Qwen3
Collection
Qwen3 models converted to Ctranslate2 format.
•
8 items
•
Updated
Ctranslate2 compatable AWQ 4-bit quantization of Qwen/Qwen3-14B.
- This model requires that a pull request https://github.com/OpenNMT/CTranslate2/pull/1951 be accepted. The model will only work after this occurs.

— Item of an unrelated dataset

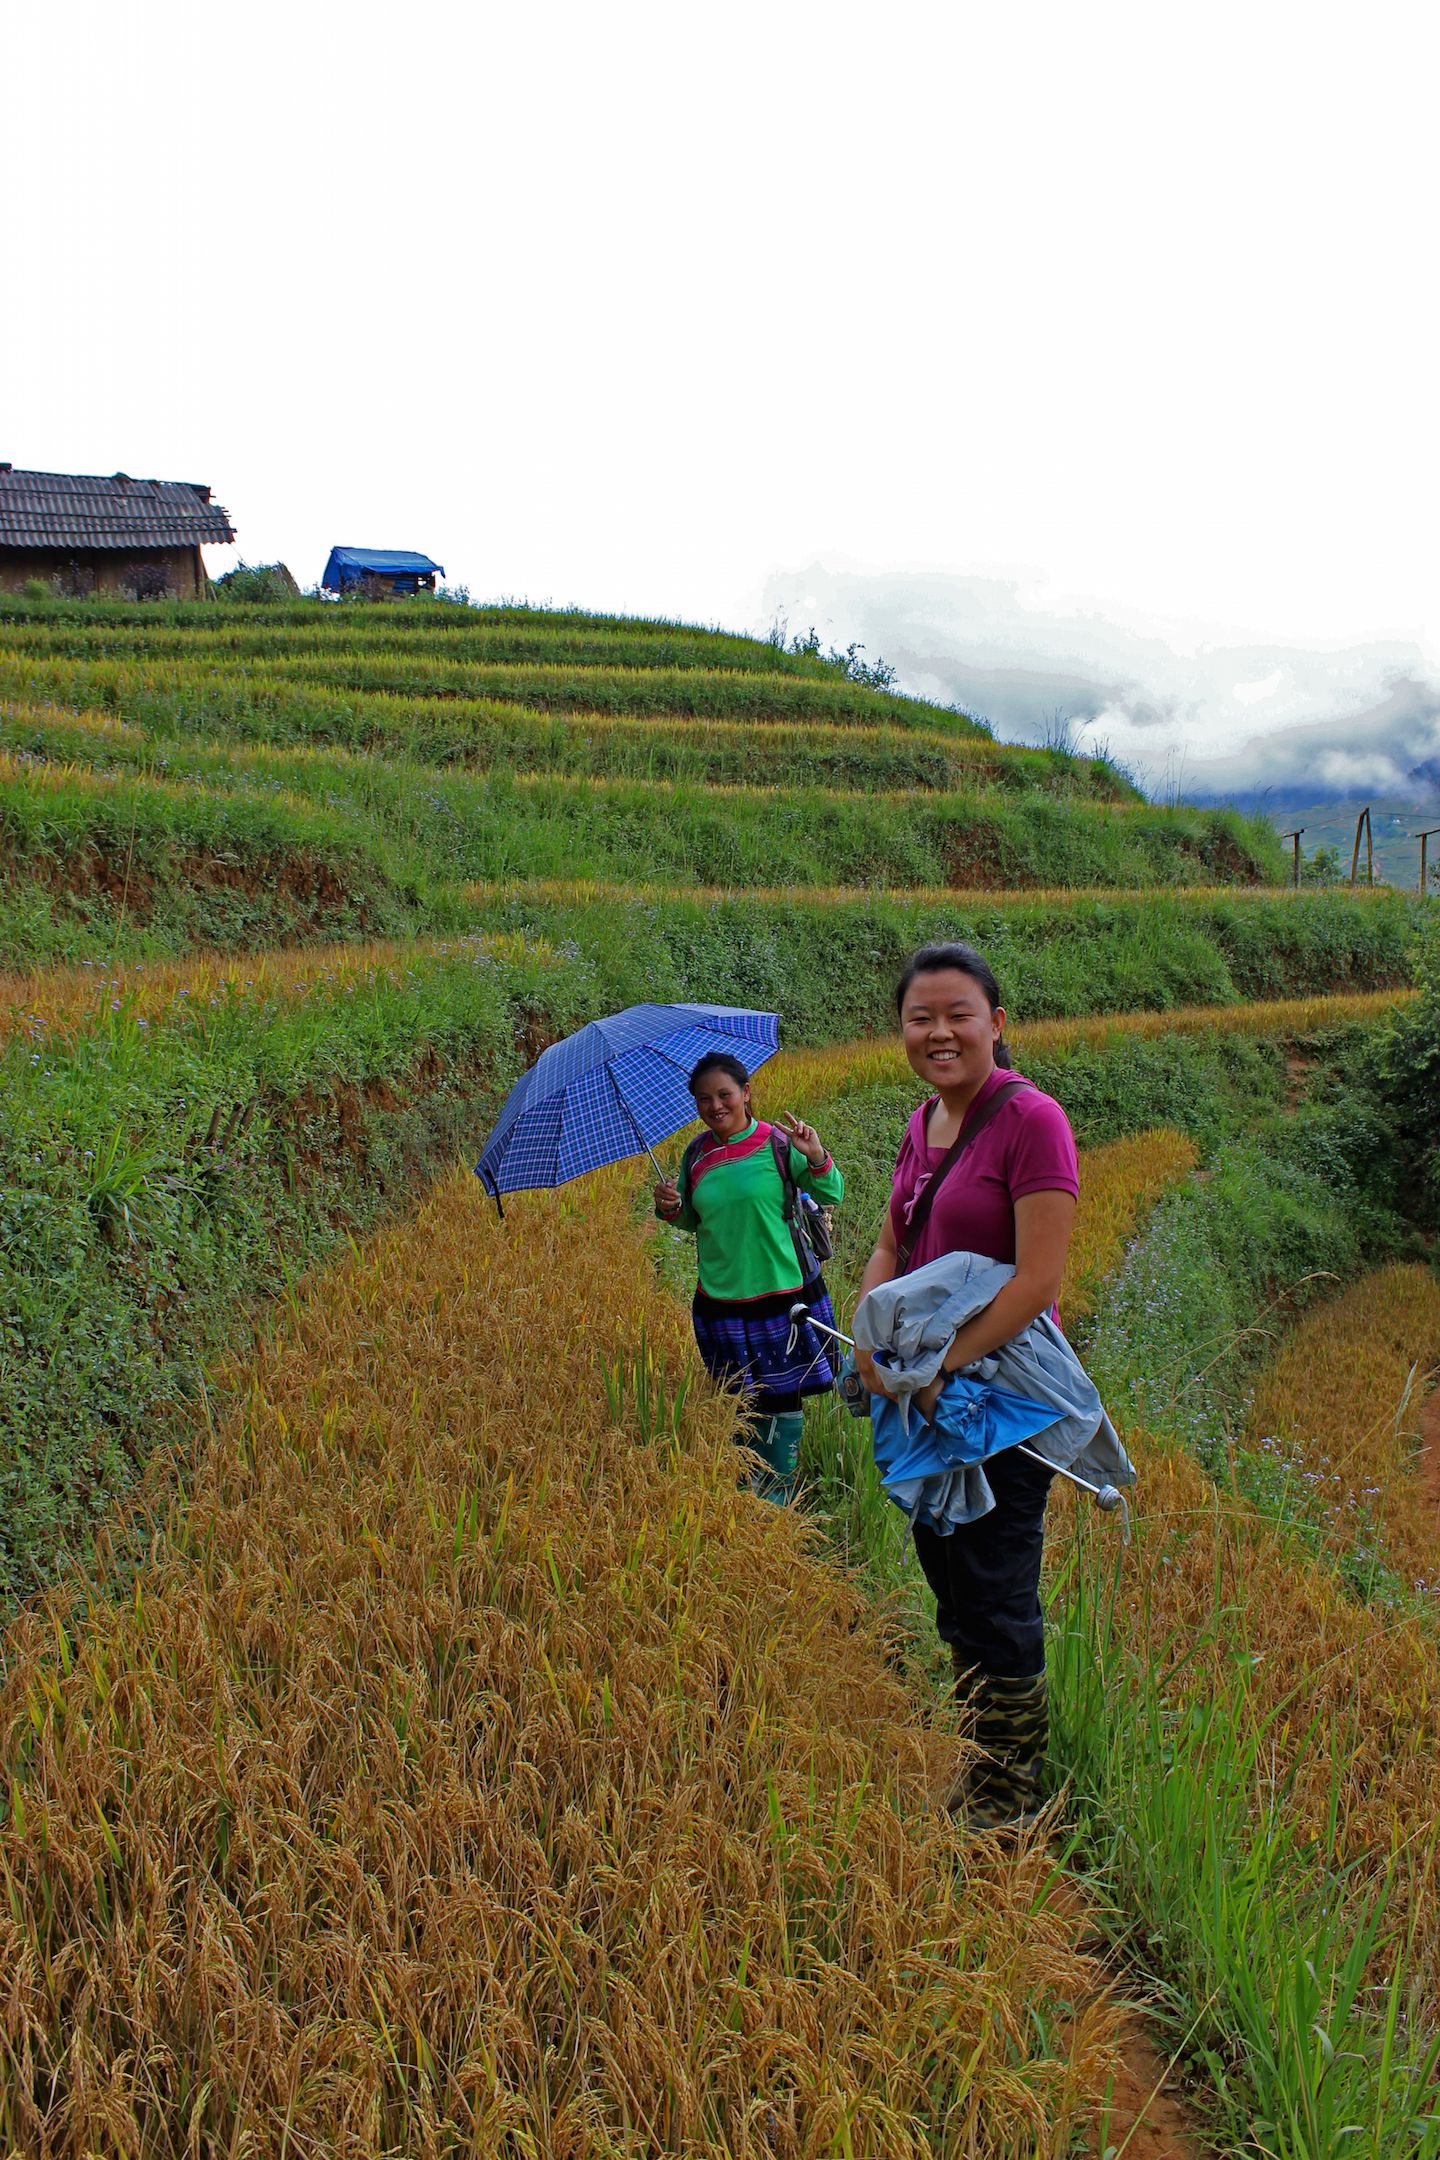 Walking on the edge of rice paddies

- This model was made from that AWQ version of the original Qwen3 model. The AWQ version, in turn, was made with custom fork of the
autoawqrepository since the original repository was archived in May, 2025. Feel free to message if you run into any issues, but it has been tested.
| Model | VRAM Usage |
|---|---|
| Qwen3-32B-ct2-awq | ~18.3 GB |
| Qwen3-14B-ct2-awq | ~9.5 GB |
| Qwen3-8B-ct2-awq | ~5.8 GB |
| Qwen3-4B-ct2-awq | ~2.6 GB |
| Qwen3-1.7B-ct2-awq | ~1.3 GB |
| Qwen3-0.6B-ct2-awq | ~0.6 GB |
import ctranslate2
from transformers import AutoTokenizer
MODEL_ID = "CTranslate2HQ/Qwen3-14B-ct2-AWQ"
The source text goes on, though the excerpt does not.